Post
Topic
Board Reputation
Re: Viewing unedited posts and deleted posts, view per post, per user or per topic
by
LoyceV
on 04/06/2020, 08:07:48 UTC
Millions more posts added:
I have now archived the first 35.5 million posts, all available online. This currently filles 43 GB.
Example: my first post!

See this quote on how to use it:
Sneak preview: http://loyce.club/archive/oldposts/
How to use:
  • Find the msgID you need. Let's use 28228
  • Remove the last 5 digits from the msgID to get the directory name (if there are less than 5 digits, use 0): 0
  • Replace the last 2 digits of the msgID by xx, and add .html (if there are less than 5 digits, use 0xx): 282xx.html
  • Add "#msg" and the msgID: #msg28228
  • Put everything together and go to http://loyce.club/archive/oldposts/0/282xx.html#msg28228

Limitations
  • Currently, the first 2.1 million posts are available.
  • I'll scrape the first 5.21 million topics and all posts in there.
  • That means I'll archive 53.36 million posts, this partially overlaps with my scraper for new posts.
  • This is a one-time thing, I won't update it with newer posts (I scrape unedited versions for those).
  • The time "scraped on" is Amsterdam time.

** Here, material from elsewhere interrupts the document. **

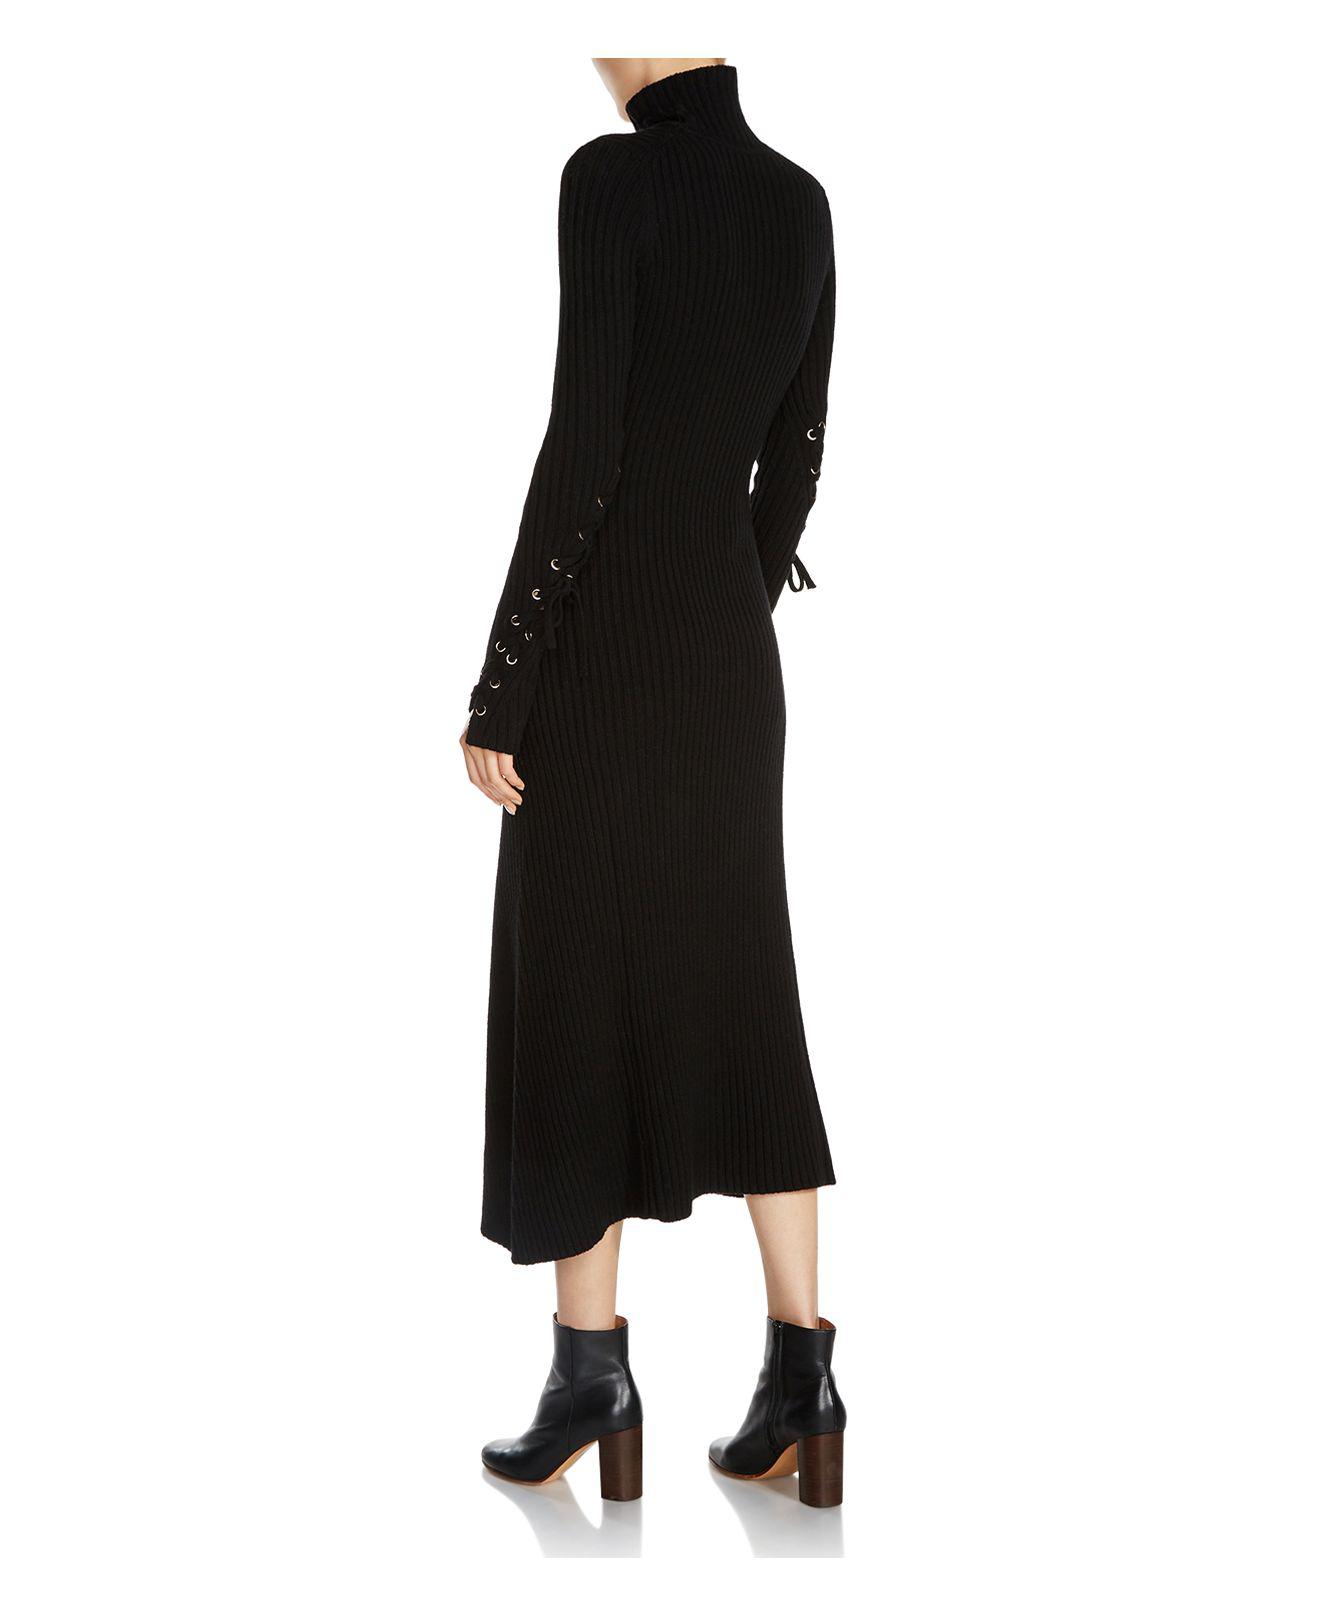 Maje Rafaela Ribbed Knit Lace-up Sleeve Midi Dress in Black - Lyst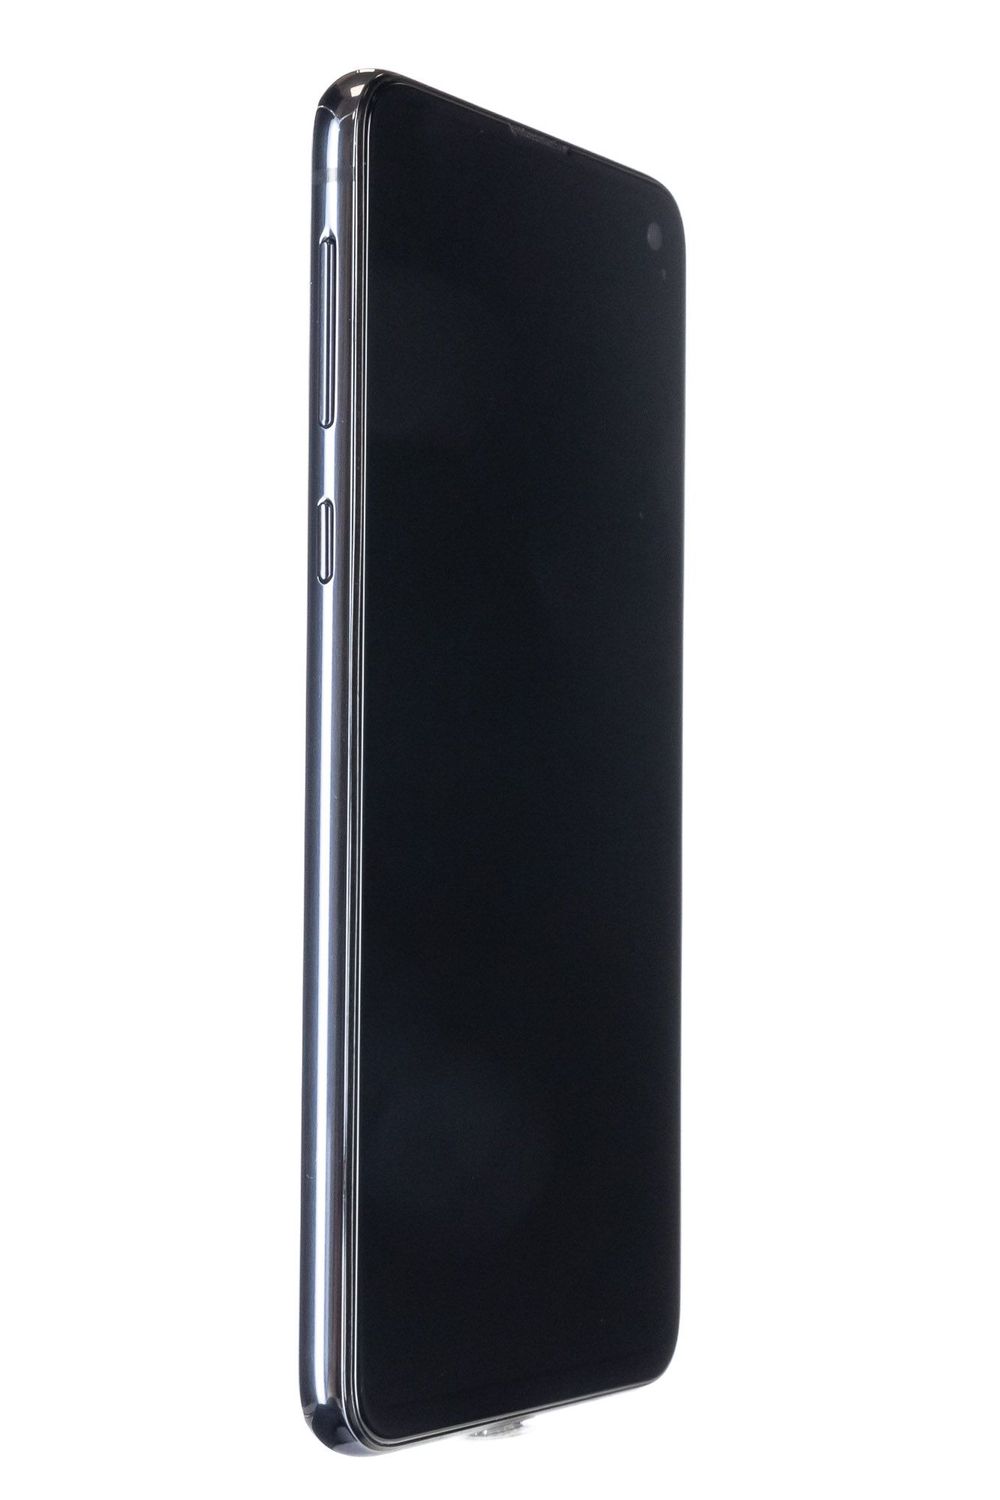 Telefon mobil Samsung Galaxy S10 e Dual Sim, Prism Black, 256 GB, Bun

If no username is mentioned, it's either "Anonymous" or "random". I forgot those exist when I started scraping, and it's not important enough to start over.

This bug is not fixed yet:
I found a bug (which I'm posting here as a reminder to myself): Posts on the עברי (Hebrew) board don't show up. Example: this post is missing, while it exists.
I'll see if I can add them later. I think it has something to do with the right-to-left writing, even selecting text on that board doesn't work as expected.
Update: عربية (Arabic) has the same problem.
I'll re-scrape these boards after finishing scraping all posts.